Read
For we are strangers before you and sojourners, as all our fathers were. Our days on the earth are like a shadow, and there is no abiding.
1 Chronicles 29:15
Reflect
History is filled with little-known stories that float just below the surface of what people learned in school. Many of these stories just never became as prominent as the stories we did learn, such as the “Midnight Ride of Jack Jouett,” a miraculous true story that evaded recognition, while a largely fanciful tale, “The Midnight Ride of Paul Revere,” became accepted lore.
Other stories aren’t told because they’re more or less embarrassing, either to people who are still alive or to the country as a whole. One such story is the tale of the “Roswell Women,” which took place at the tail end of the Civil War. The victims in this story are also from the losing side of the war, and history rarely has much sympathy for people who were on the wrong side of history. But in this case, I think there should definitely be an exception.
The “hero” in this story has always been Gen. William Tecumseh Sherman, the man who masterminded the famous “March to the Sea” that is largely credited with breaking the South’s will and expediting the end to the war. But as with Paul Revere’s famed ride, history often has a way of whitewashing certain facts. During his march southward, the northern army moved into Roswell, Ga., and began destroying homes and businesses. When the troops came upon the Roswell Mill, they found a French flag flying overhead, indicating it was neutral. But they also found it was supplying uniforms to the Confederate Army. Union Gen. Kenner Garrard ordered all three mills in Roswell burned, but then he received additional orders from his commanding officer, General Sherman — arrest every worker from the Roswell mills and force them to march by foot to Georgia Military Institute (about 15 miles away), where they would be imprisoned because of their efforts to “give aid and comfort to the enemy.”

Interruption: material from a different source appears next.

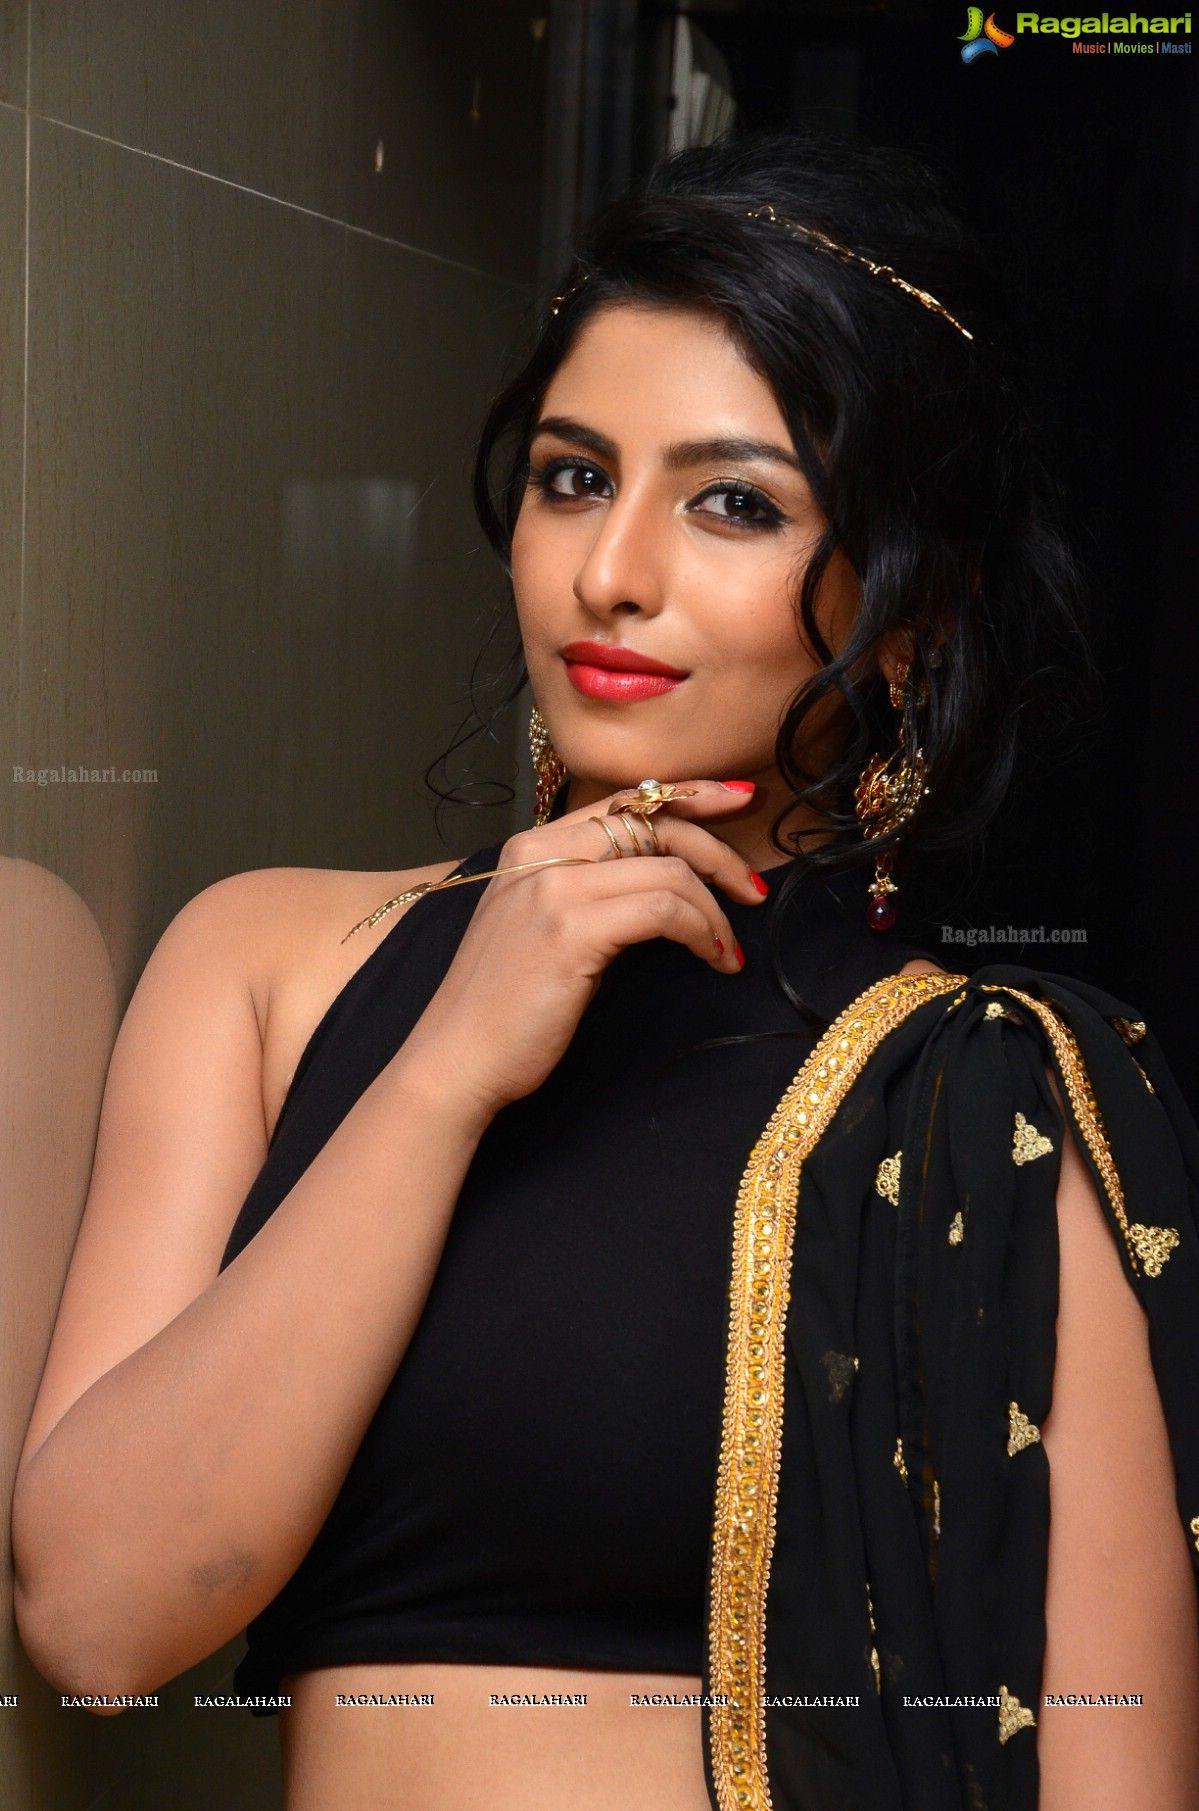 http://www.ragalahari/actress/78595/kruthika-jayakumar-at-rojulu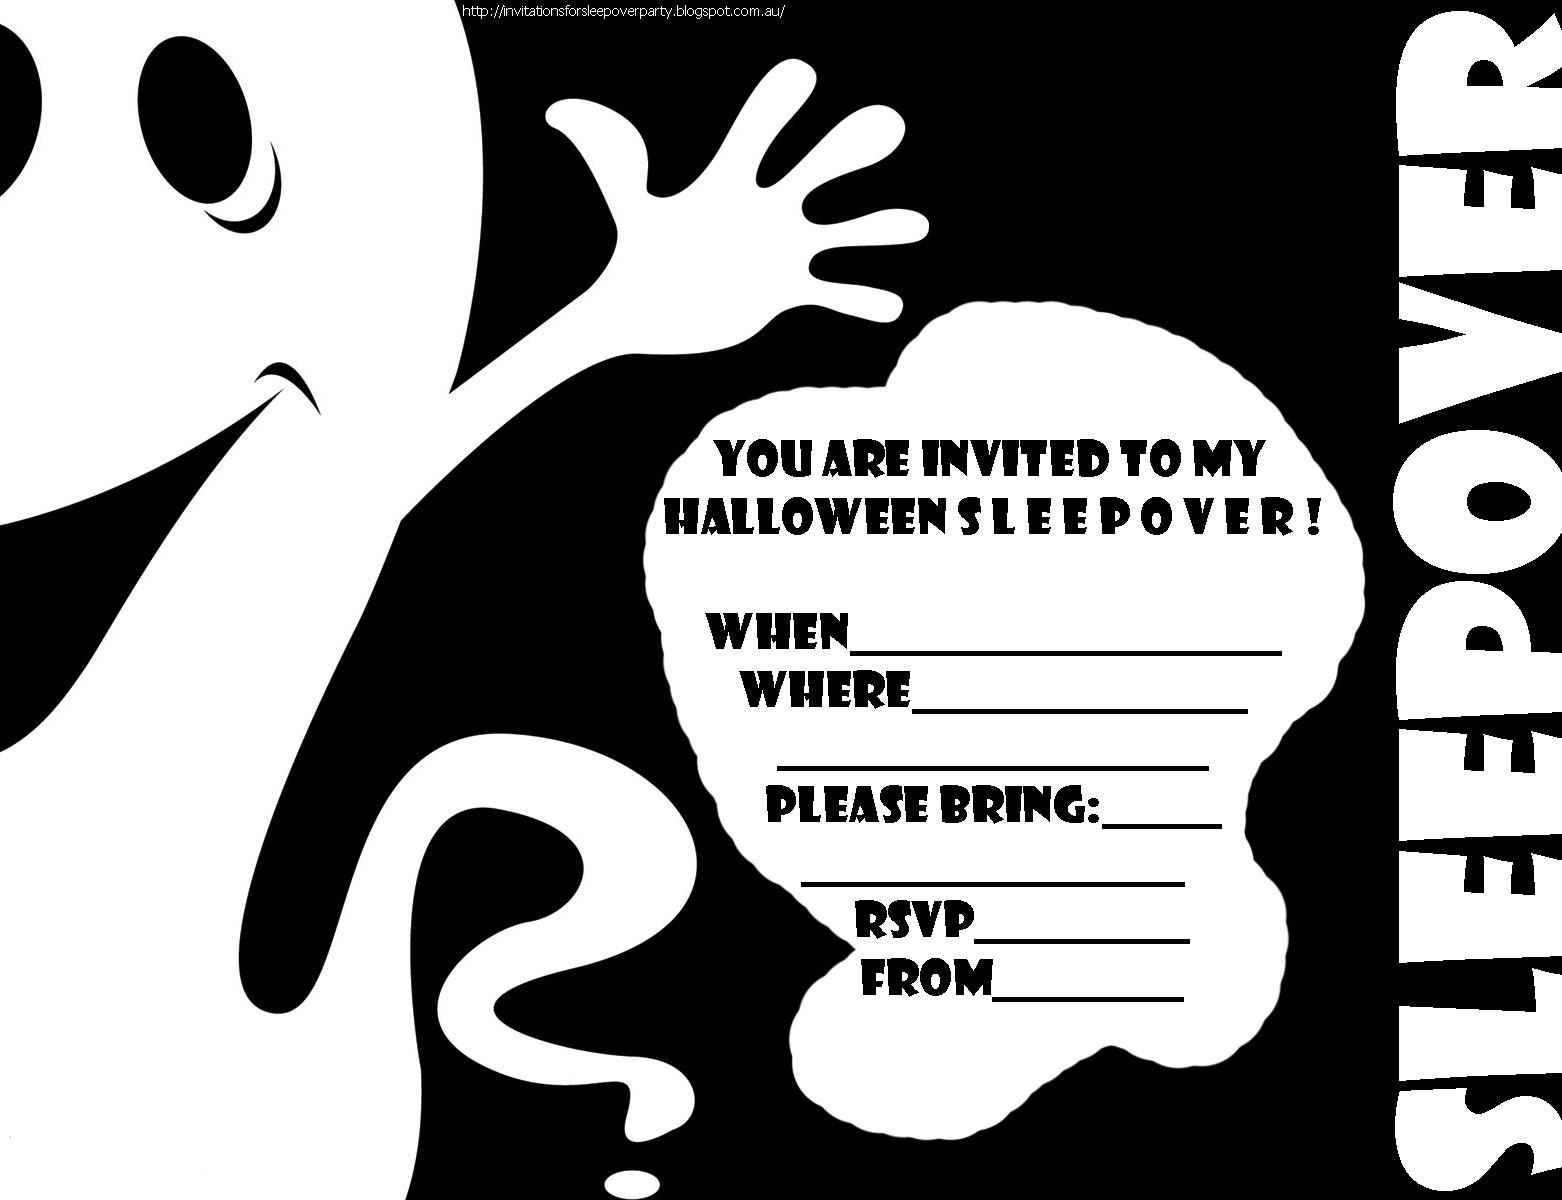 Free Printable Halloween Sleepover Invitations   Halloween Arts - Halloween Invitations Free Printable Black And White

General Garrard’s men did, indeed, arrest those workers — mainly children, single women and a few elderly men. They were allowed to gather a few possessions, and then they were taken to the military school, but only temporarily. (They were later joined by workers from the mill at New Manchester, about 17 miles to the south.) Once rail cars became available, the roughly 400 prisoners were herded into the cars like cattle and shipped north. With just nine days of provisions and no money, they were carted to Louisville, Ky., where many were unloaded as refugees. The remainder were taking across the river into Indiana and dropped at Evansville, New Albany and Jeffersonville.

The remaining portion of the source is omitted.